Revisiting Industry Award winners: Acquisition of A&E Custom Mfg. helps Bennett Tool & Die boost its value proposition for customers

Metal stamping production

These stamping presses in Bennett Tool & Die’s Gallatin facility are symbols of the company’s history as a metal forming services provider.

In 2013 The FABRICATOR named A&E Custom Manufacturing as its Industry Award winner. The Kansas City, Kan.-based company, which survived some tough challenges in the 1990s and two major recessions in the 2000s, was well on its way to growing its business, introducing lean concepts to maximize production efforts, cross-training employees to get the most out of the workforce, and investing in new automated fabricating technology that allowed it to be more competitive in job quoting. The company had topped $9 million in sales in 2012.

Two years later, others recognized A&E’s potential. Bennett Tool & Die Co., then located in Nashville, Tenn., acquired the metal fabricator.

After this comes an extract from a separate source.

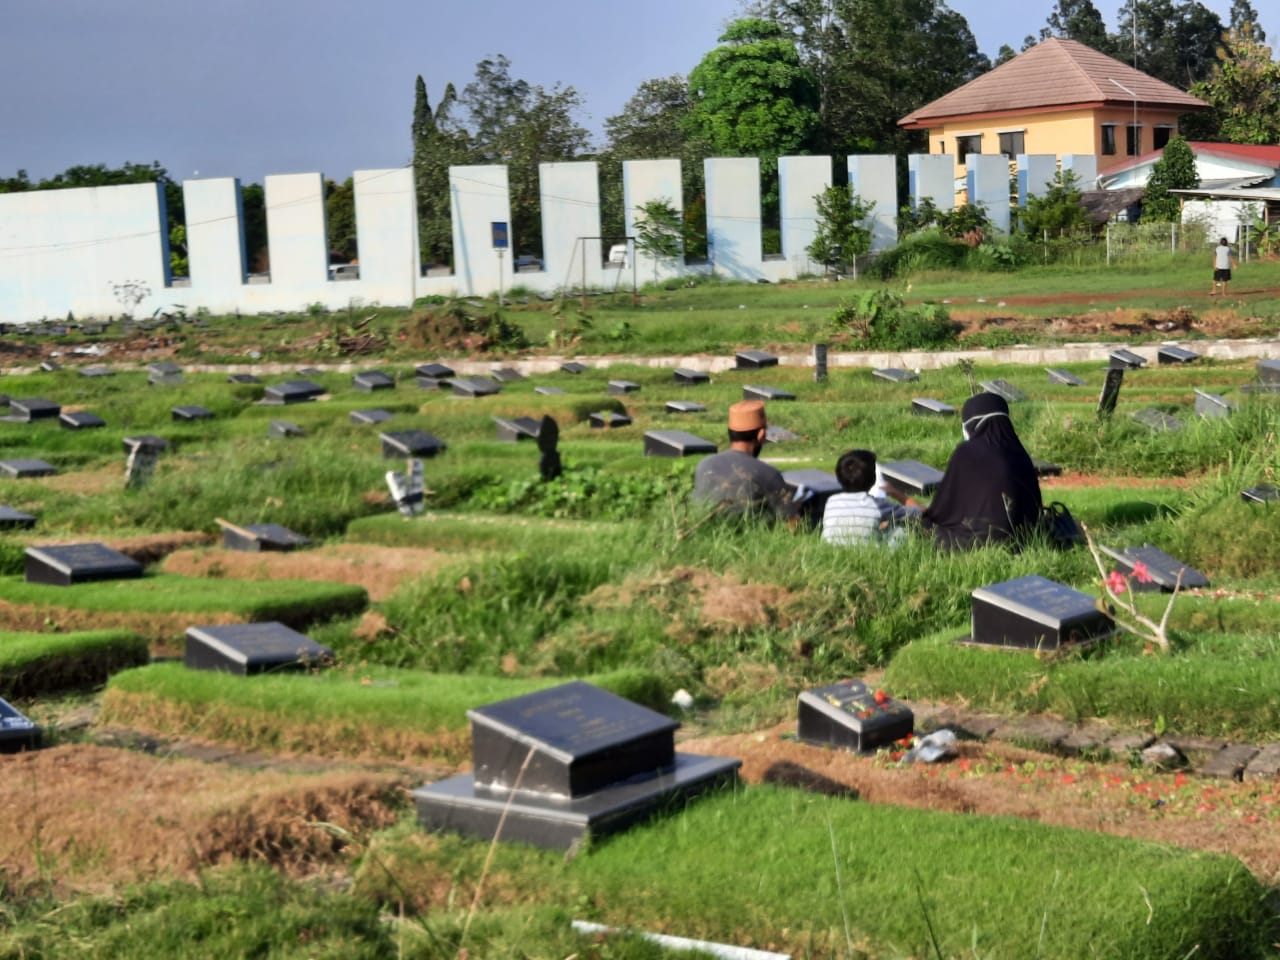 Suasana peziarah ke makam keluarga saat menjelang Ramadan yang berlokasi Taman Pemakaman Umum (TPU) Selapajang di Jalan Raya Iskandar Muda No. 46, RT4/RW2, Selapajang Jaya, Kecamatan Neglasari, Kota Tangerang, Minggu (10/04/2021).

Bennett Tool & Die was looking to grow as well and deemed the addition of metal fabricating capabilities as a key way to service its customers.

The plan so far seems to be working out pretty well. Bennett Tool & Die reported $30 million in sales in 2019 and is taking steps to be ready and responsive to customers’ needs coming out of this current economic slowdown. In a way, the plan is to grow during uncertain times.

New Ownership, New Direction

Bennett Tool & Die, founded in 1951, was owned by the same family until it was sold in the spring of 2013 to its current owners, a collection of private equity partners. Like many family-owned manufacturing companies, Bennett Tool & Die had reached a point where none of the younger members of the family showed an interest in taking over leadership of the business.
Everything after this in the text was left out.